反対する奴はテロリストだ
われわれの存在と国家の存在をあやうくするような論議はやめなければならぬ。国家社会主義ドイツ労働者党の見解の正しさに疑問を持つものは反逆者の烙印を押されるであろう。―フリッツ・ザウケル(ナチスドイツの政治家、労働相)
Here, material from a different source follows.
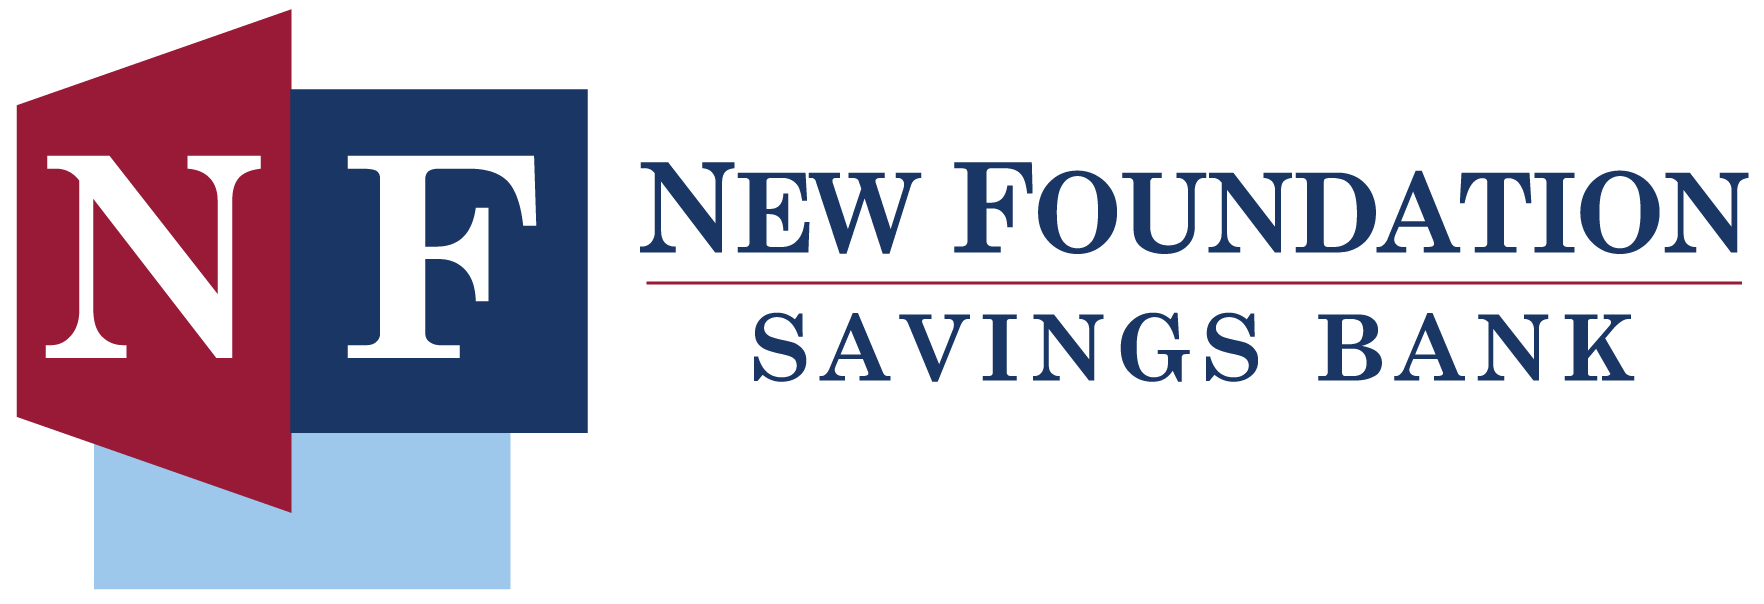 New Foundation Savings Bank Logo

自民・中谷氏、給油反対「テロリストだけ」=鳩山民主幹事長は反発(時事通信) - Yahoo!ニュース
 自民党の中谷元・安全保障調査会長(元防衛庁長官)は14日、フジテレビの番組で、民主党がインド洋での海上自衛隊の給油活動継続に反対していることに関し「(給油活動は)国際社会の中で非常に評価され、ぜひ続けてくれと要望されている。反対するのはテロリストしかいない」と批判した。さらに「民主党はテロリスト集団か」との質問にも「(反対するのは)僕には理解できない」と語った。
正体見たり。
自民党はこの給油活動が国際社会全体の課題である「テロとの戦い」の一環であると主張している。ではその「テロ(テロリスト)」とはどう定義されるのか。中谷氏の発言を見るかぎり、自分に反対するもの、そして自分には理解できないものこそが、武力をもって打ち払われるべきテロリストであるようだ。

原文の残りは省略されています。